→ **WHAT TO WORK ON**
Without the pictures, write the listing out again exactly as it appears.

→ **THE DATA**
---+---

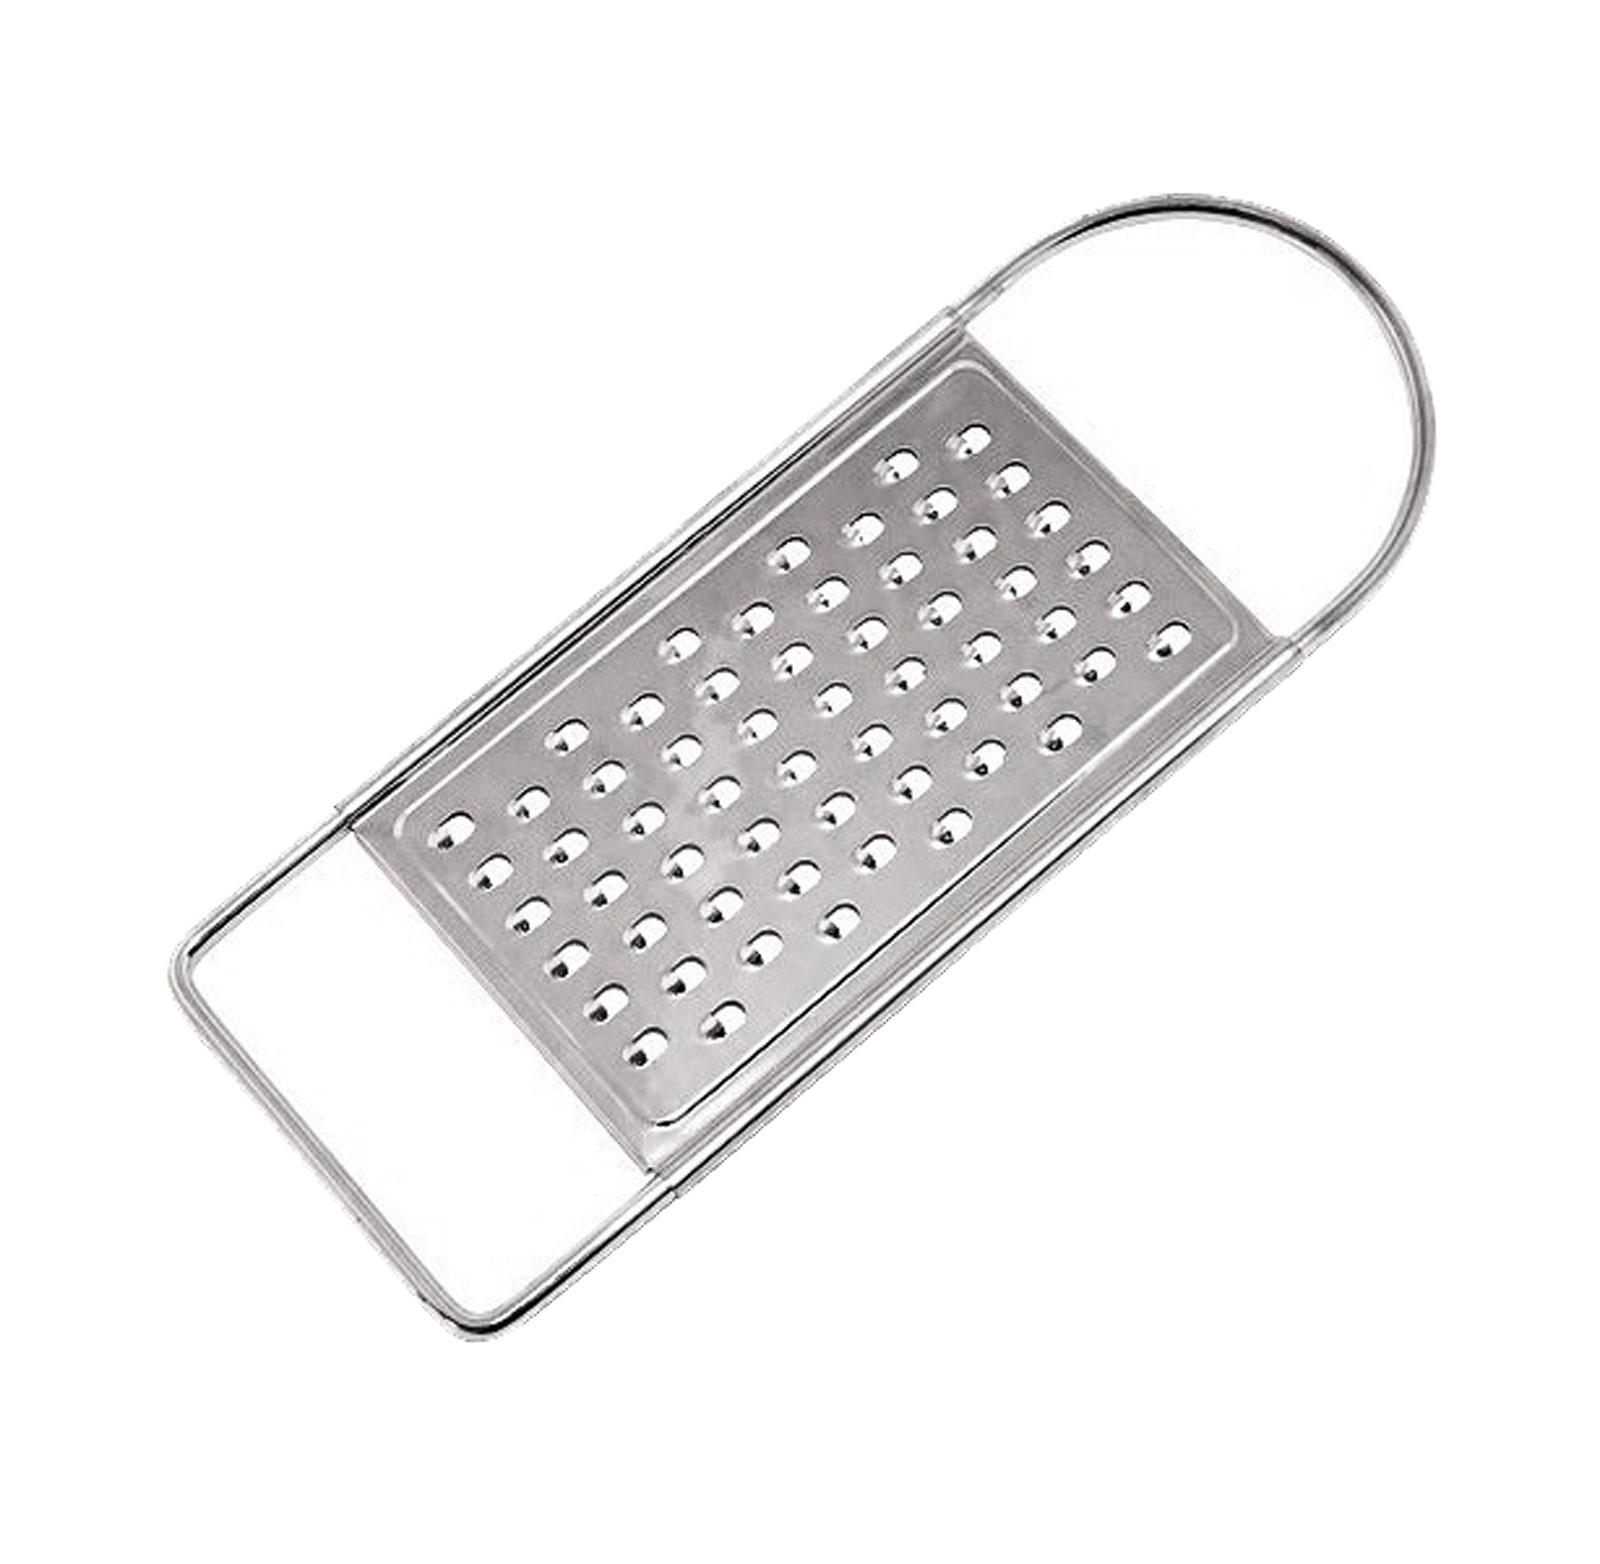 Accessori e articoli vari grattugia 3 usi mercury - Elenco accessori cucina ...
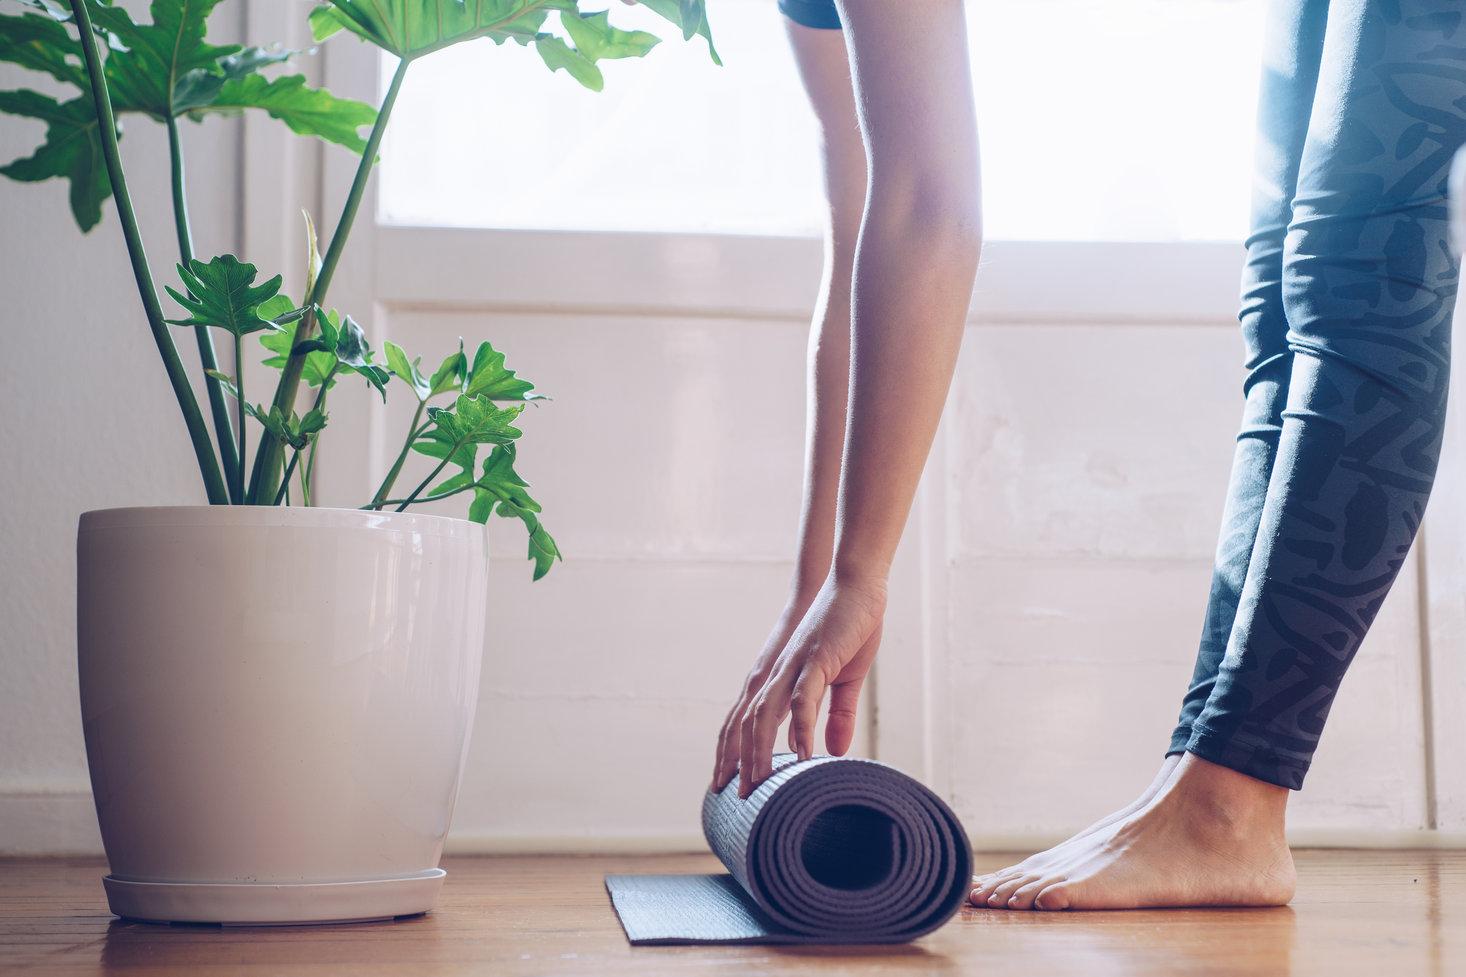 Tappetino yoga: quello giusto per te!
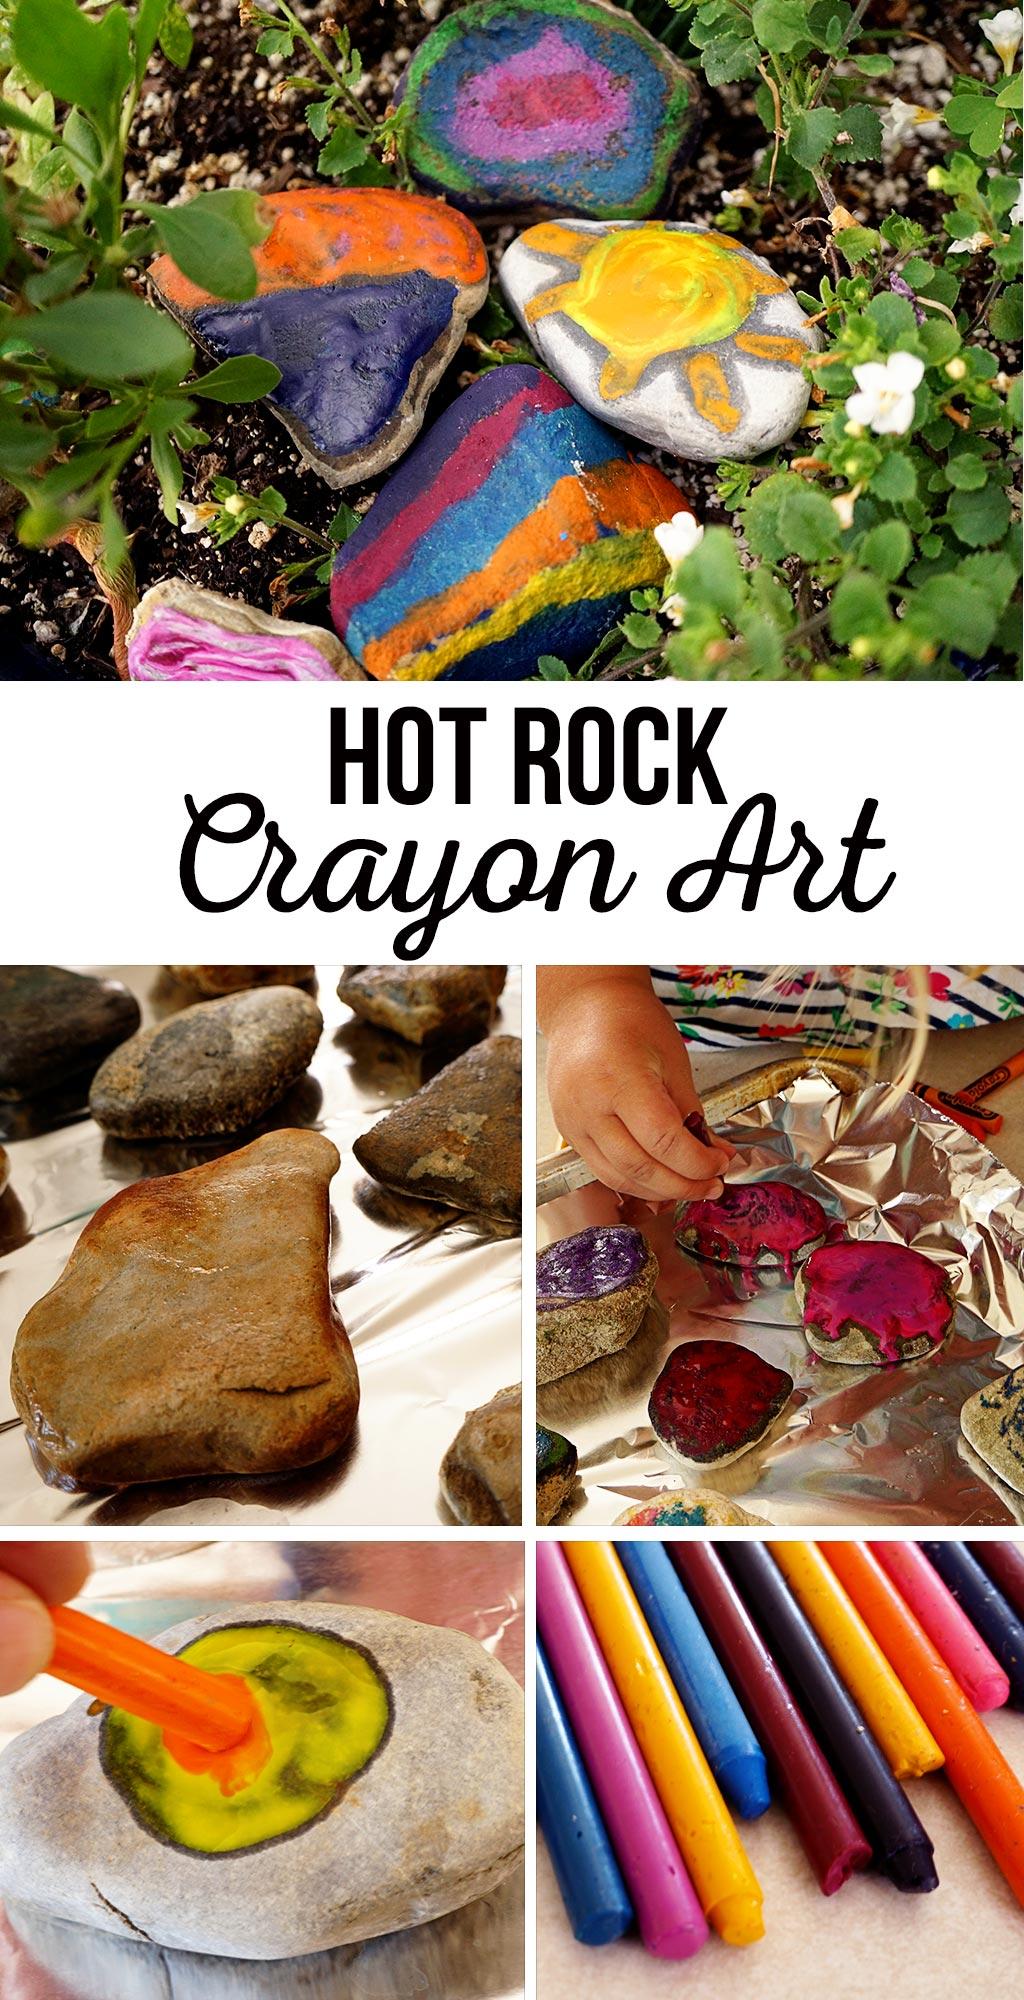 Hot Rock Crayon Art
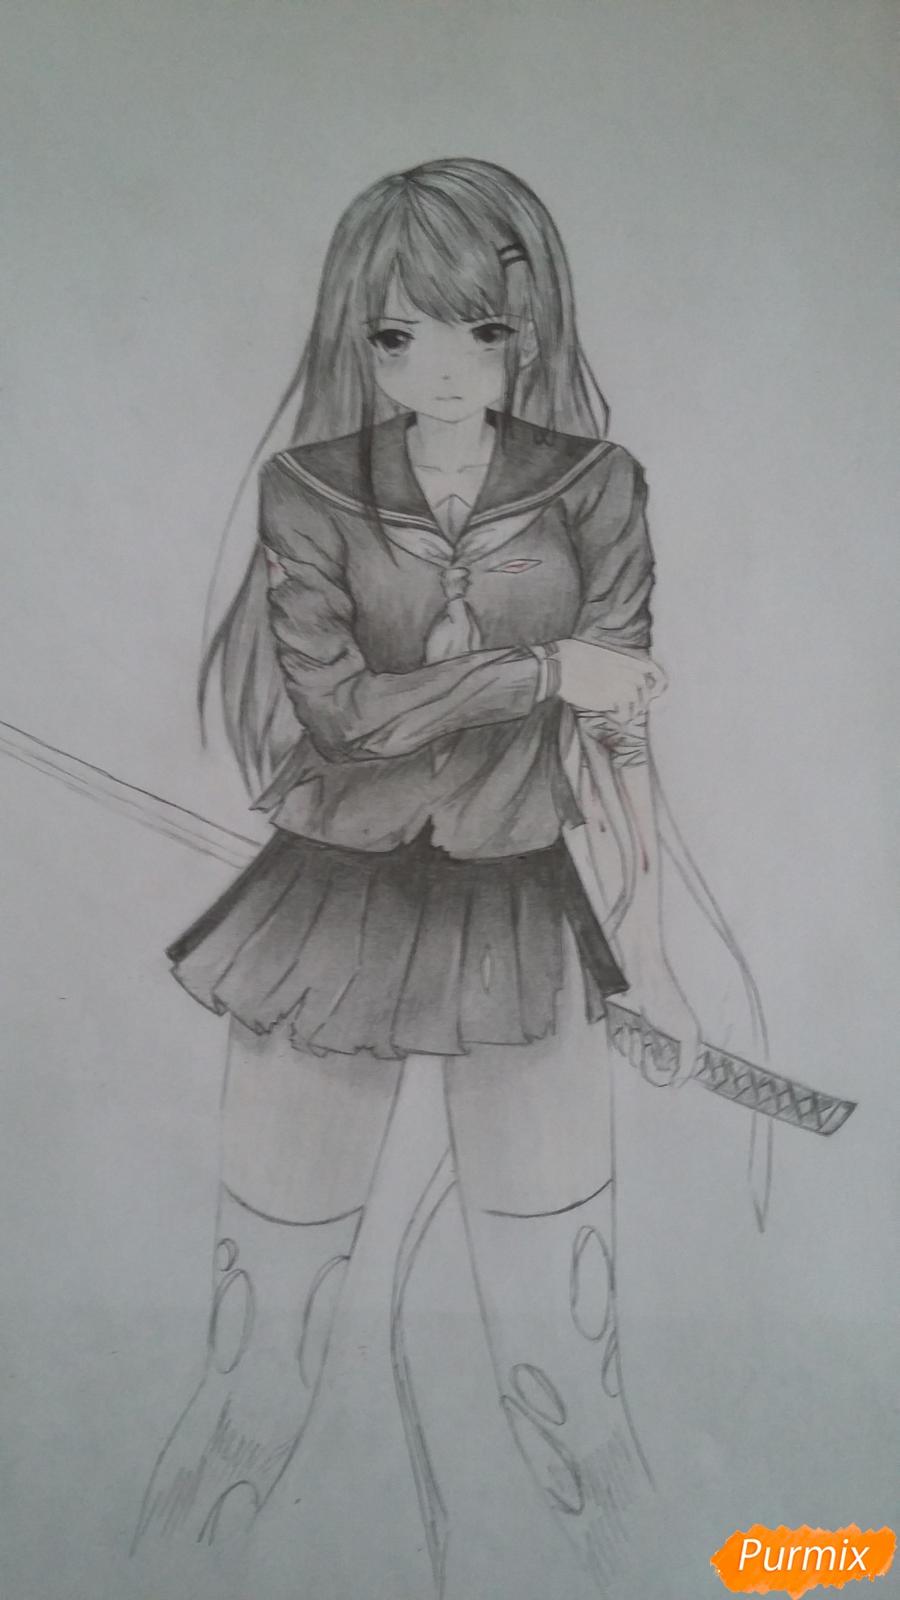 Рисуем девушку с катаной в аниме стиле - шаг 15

---+---

→ **THE COMPLETED TASK**
 Accessori e articoli vari grattugia 3 usi mercury - Elenco accessori cucina ...
 Tappetino yoga: quello giusto per te!
 Hot Rock Crayon Art
 Рисуем девушку с катаной в аниме стиле - шаг 15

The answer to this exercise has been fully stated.